One morning we received a visit from the local constable, Mr Duffus, letting us know (although I’m not sure why, unless it was a pointed message to us that we had brought an unsavoury character into the area) that Dennis’s car had been found some way down a disused dirt road, wherein Dennis was “stuffing” someone else’s wife.
Somewhere around this point Christine and Sheree moved back to Melburne, leaving Dennis and his dog to fend for themselves. Dennis got to know a few of the locals around the pool table in the public bar of the Promontory Gate Hotel, in Fish Creek. On another occasion when Dennis had been a non-starter we received another visit from Mr Duffus, who pointed out that Dennis wasn’t milking the cows that morning because he had been found, sound asleep, at the wheel of his car, halfway between the pub and our place, having driven the car off the road and wedged it between two large gum trees in such a way that he could not open any of the doors, and therefore could not get out of the car. Not that he would probably have been sober enough to walk any distance from there anyway, the most likely outcome would have been for him to have been run over after falling asleep on the road, so he was probably safest trapped inside the vehicle.
It was clear that Dennis had to go, but dad hated having that conversation and kept putting it off. Then one day, Dennis packed up all of his gear and left. Where to, nobody knew. All that he left behind was his dog. Dad fed the dog for a few days, hoping to hear from Dennis so that arrangements could be made. But there was nothing. Eventually a decision had to be made. The dog was of no use to us. One of our neighbours, Joe, was called upon to put the necessary bullet into the poor dog’s brain. As if on cue, almost before the echo from the gunshot had faded, a cloud of dust appeared over the hill. It was Dennis, coming to retrieve his faithful hound. Joe ducked around the corner out of sight, dragging the bloodied corpse with him. Dad at least had the tact not to give any hint to Dennis that five minutes might have made all the difference.
And that, as far as we were concerned, was that. Once, several months later, after a game of cricket, I saw a severely inebriated Dennis struggling with a pool cue at the Meeniyan Hotel. I said hello to him, and perhaps sensed some slight flicker of recognition in response. But more than likely Dennis had moved back to Melbourne, where he disappeared into the populace, and that was the last anyone ever saw or heard of him.

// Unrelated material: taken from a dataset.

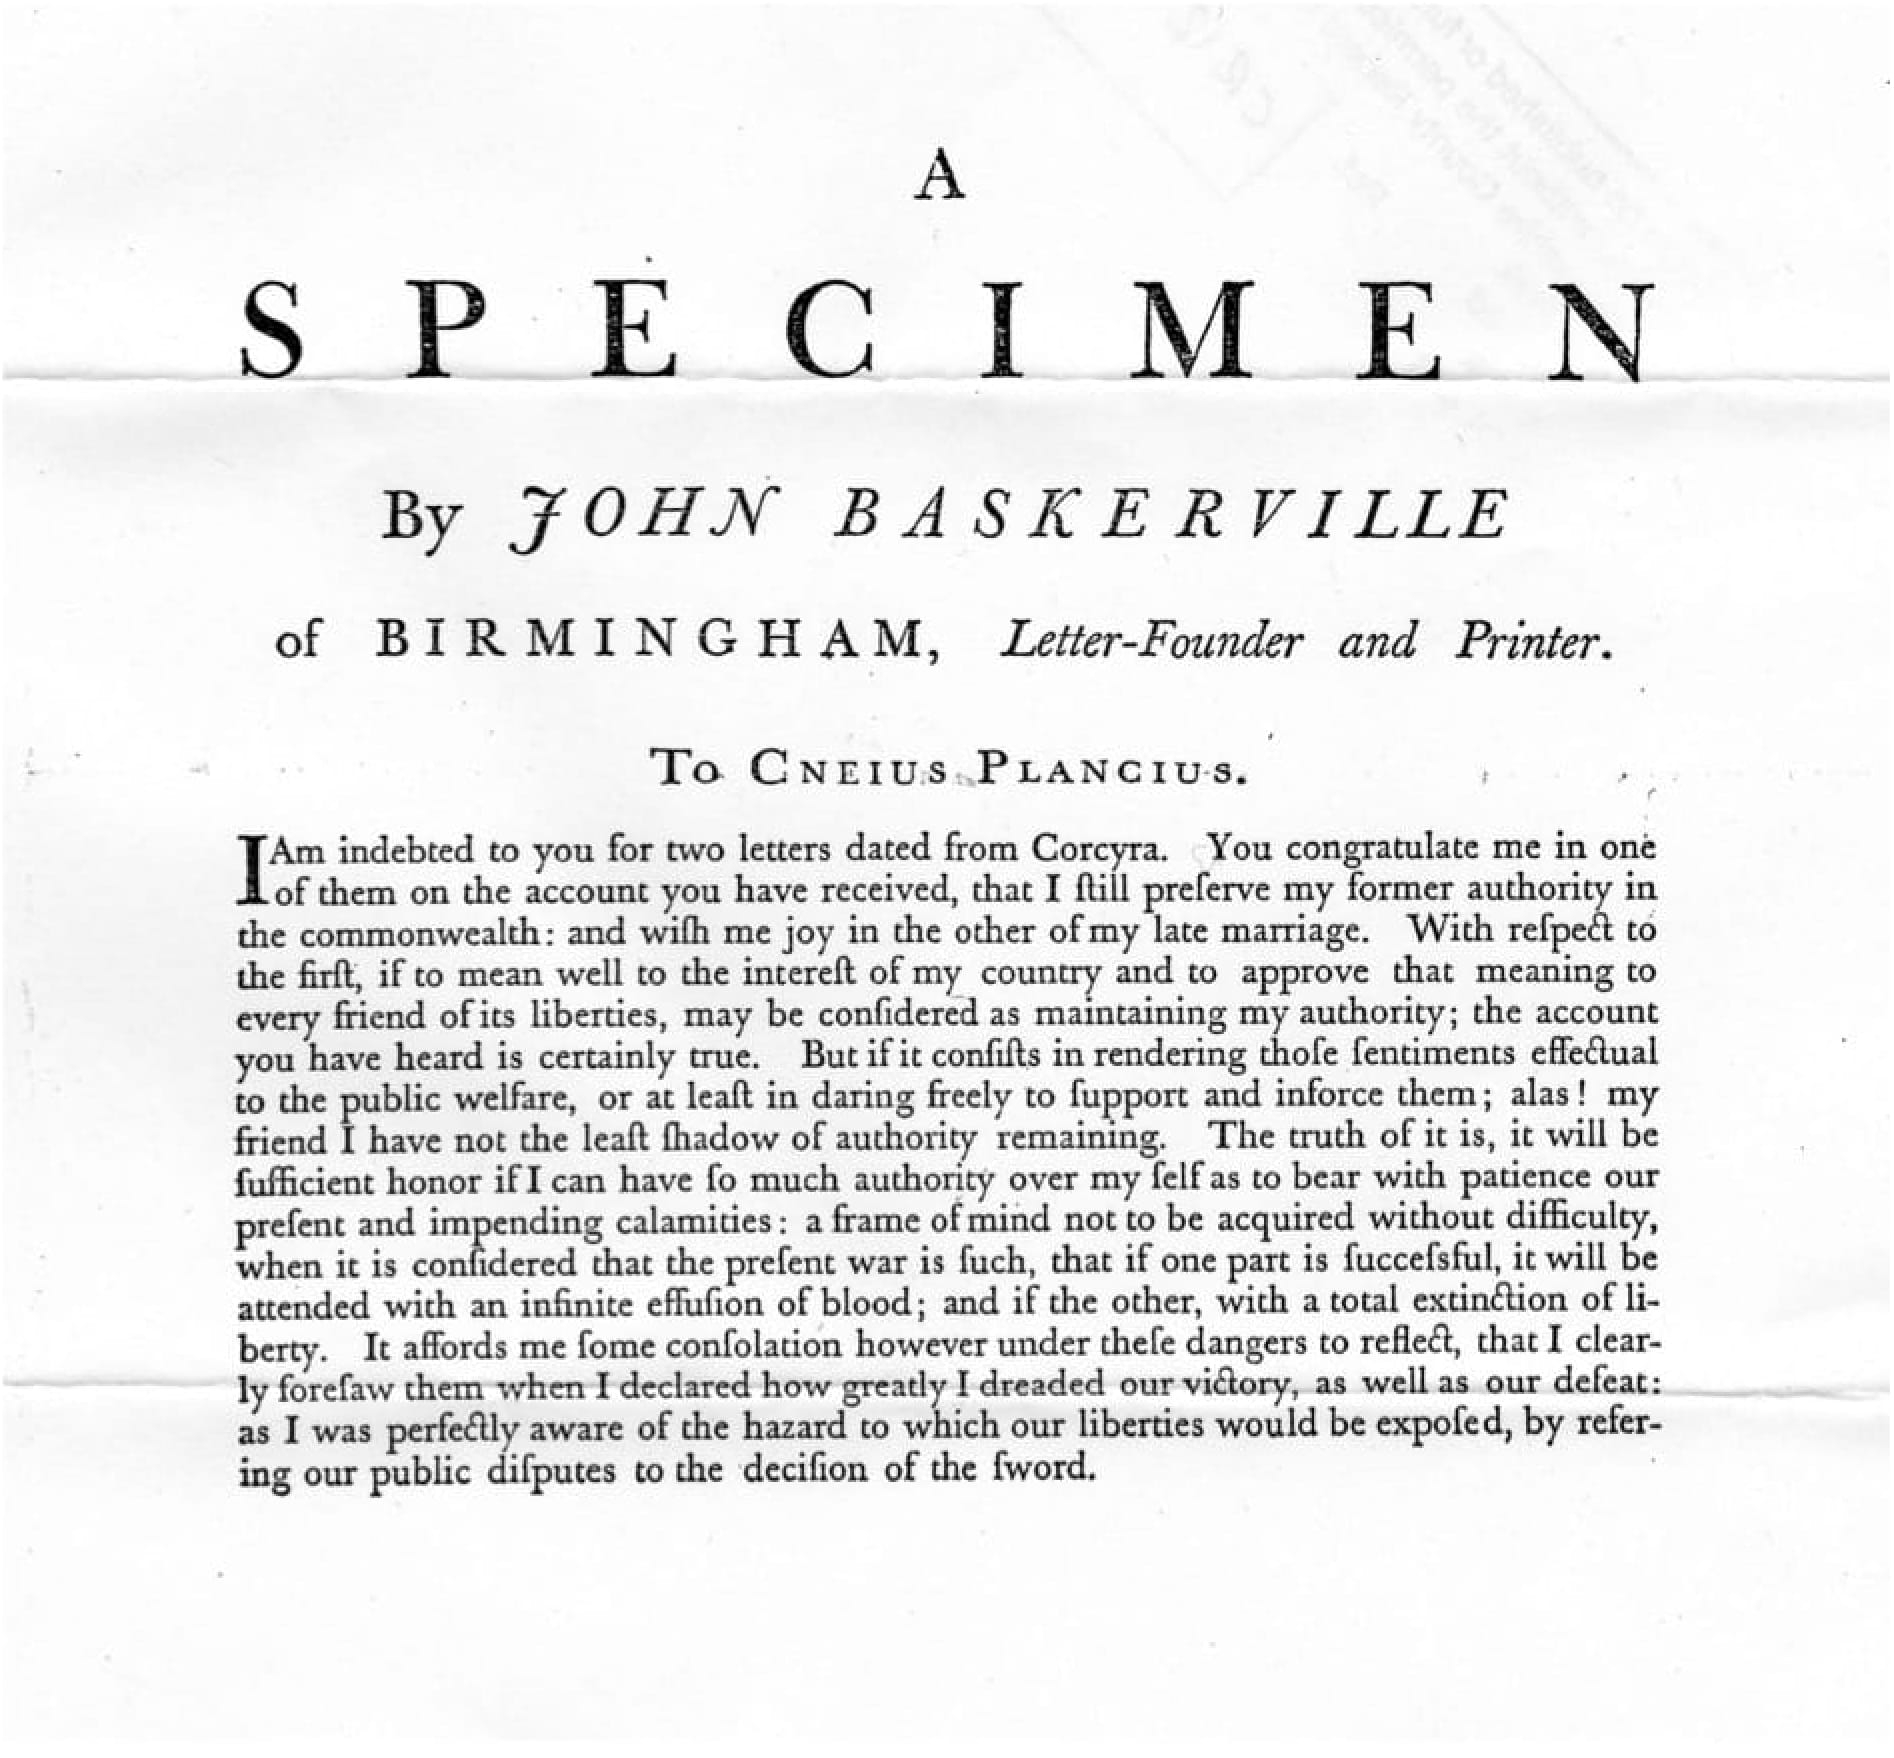 18th century typographic work in a single font—Baskerville—by John Baskerville himself.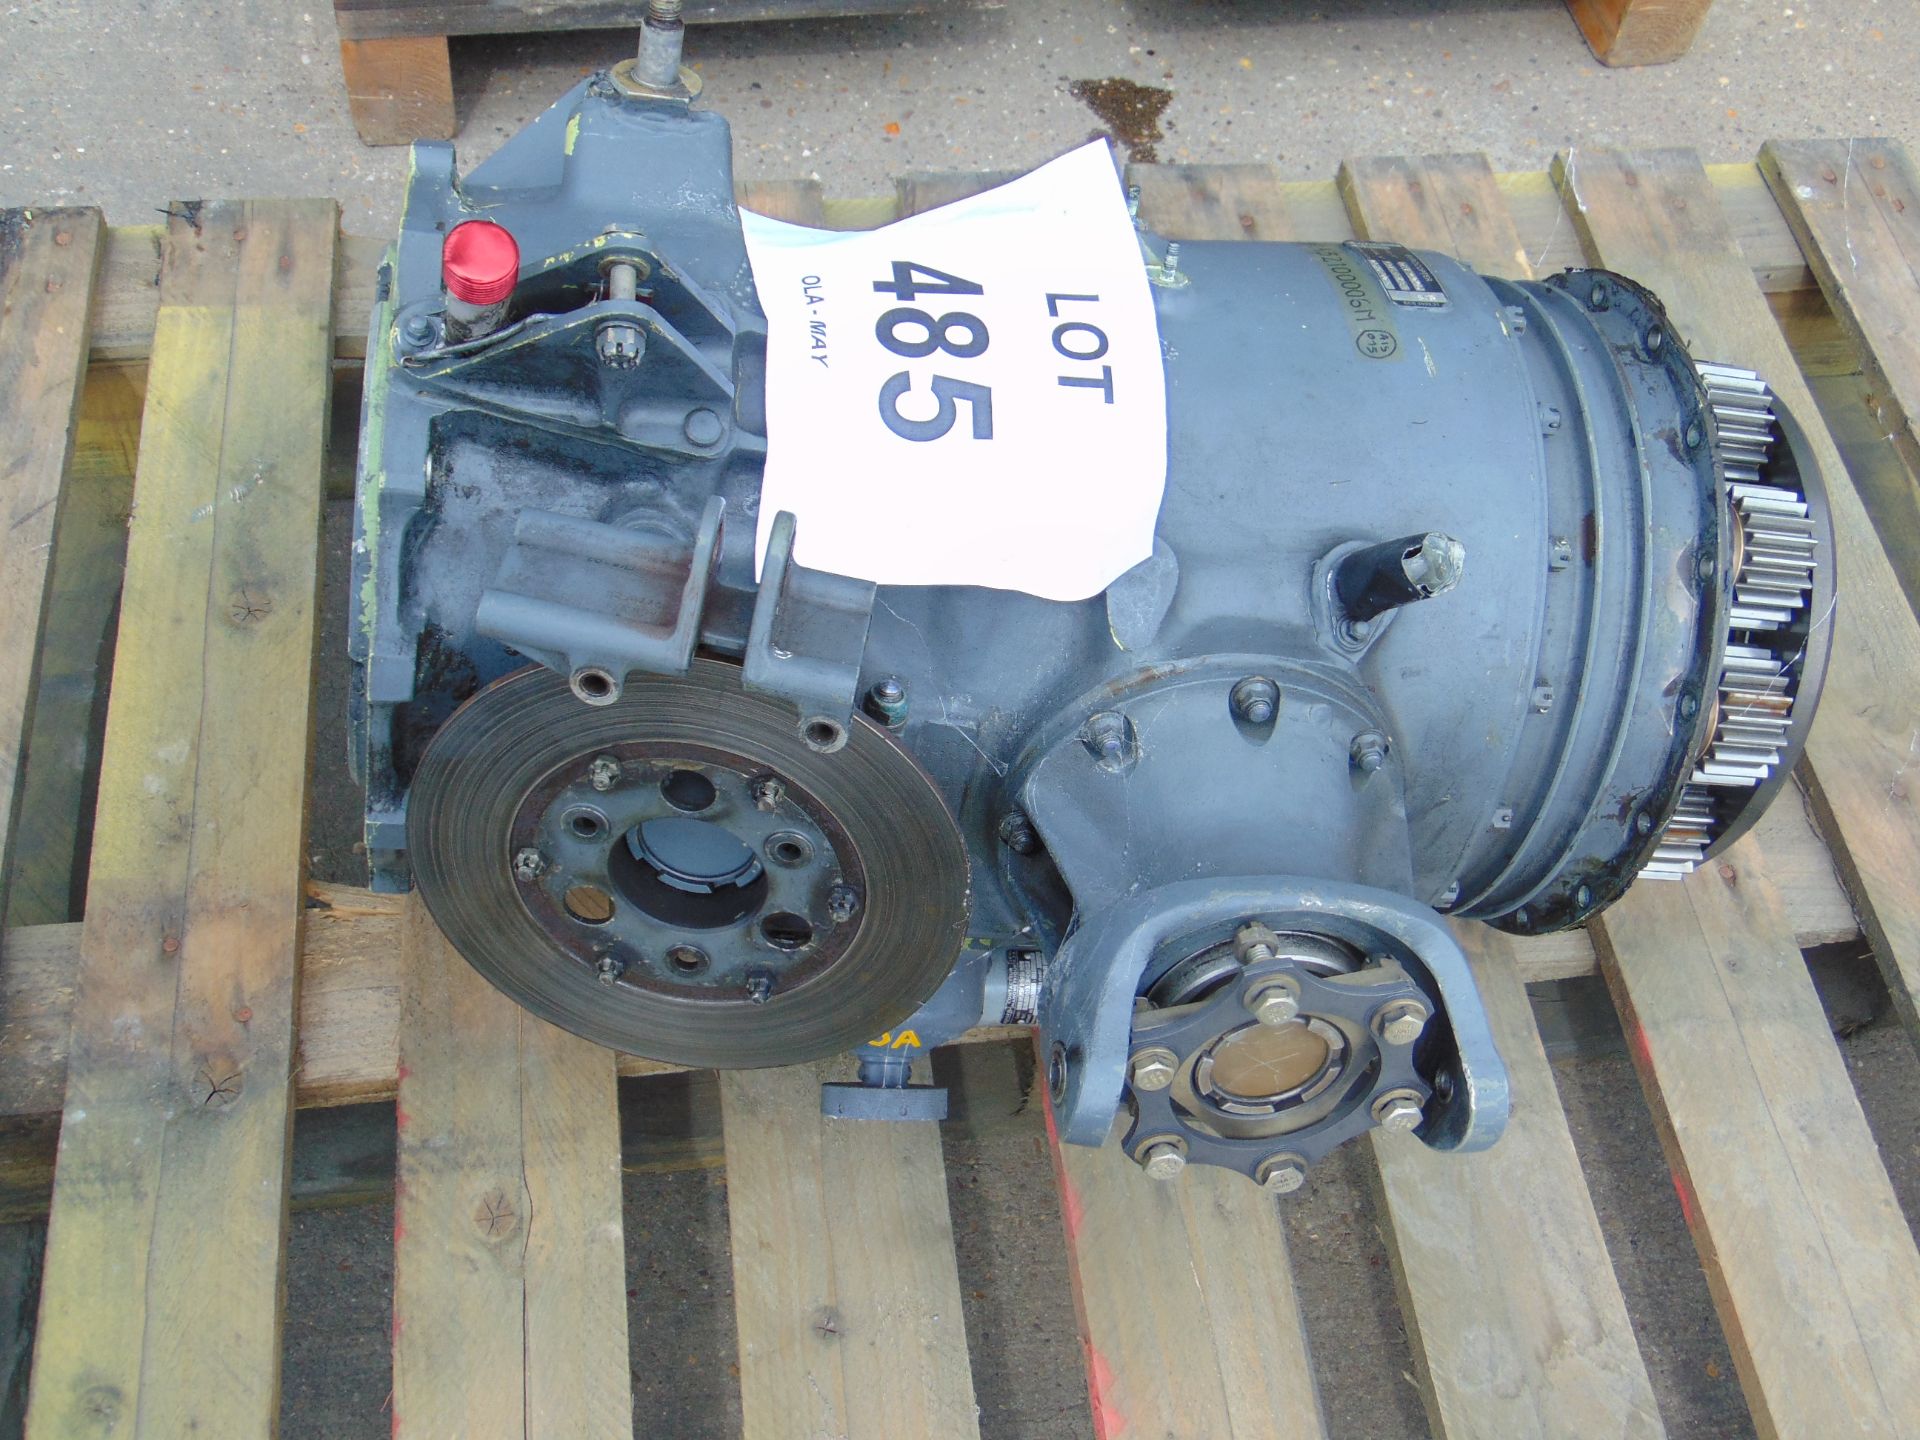 GAZELLE MAIN ROTOR GEARBOX ASSEMBLY - Image 4 of 6

However, the ghost of Dennis may not have left us quite so quickly, or so conclusively. Some time after his departure, Uncle Charlie, whose job it was to secure the perimeter of the property, so as to keep out unwanted ragwort and other noxious weeds, made a surprise discovery: someone had established a crop of marijuana (Uncle Charlie chose to pronounce the “j”) in a piece of bushland along one of the less accessible boundaries. And so we were visited yet again by Mr Duffus (these are the only three times I can remember us ever having had anything to do with the police), who removed the offending items and lay in wait for their owners; who never returned.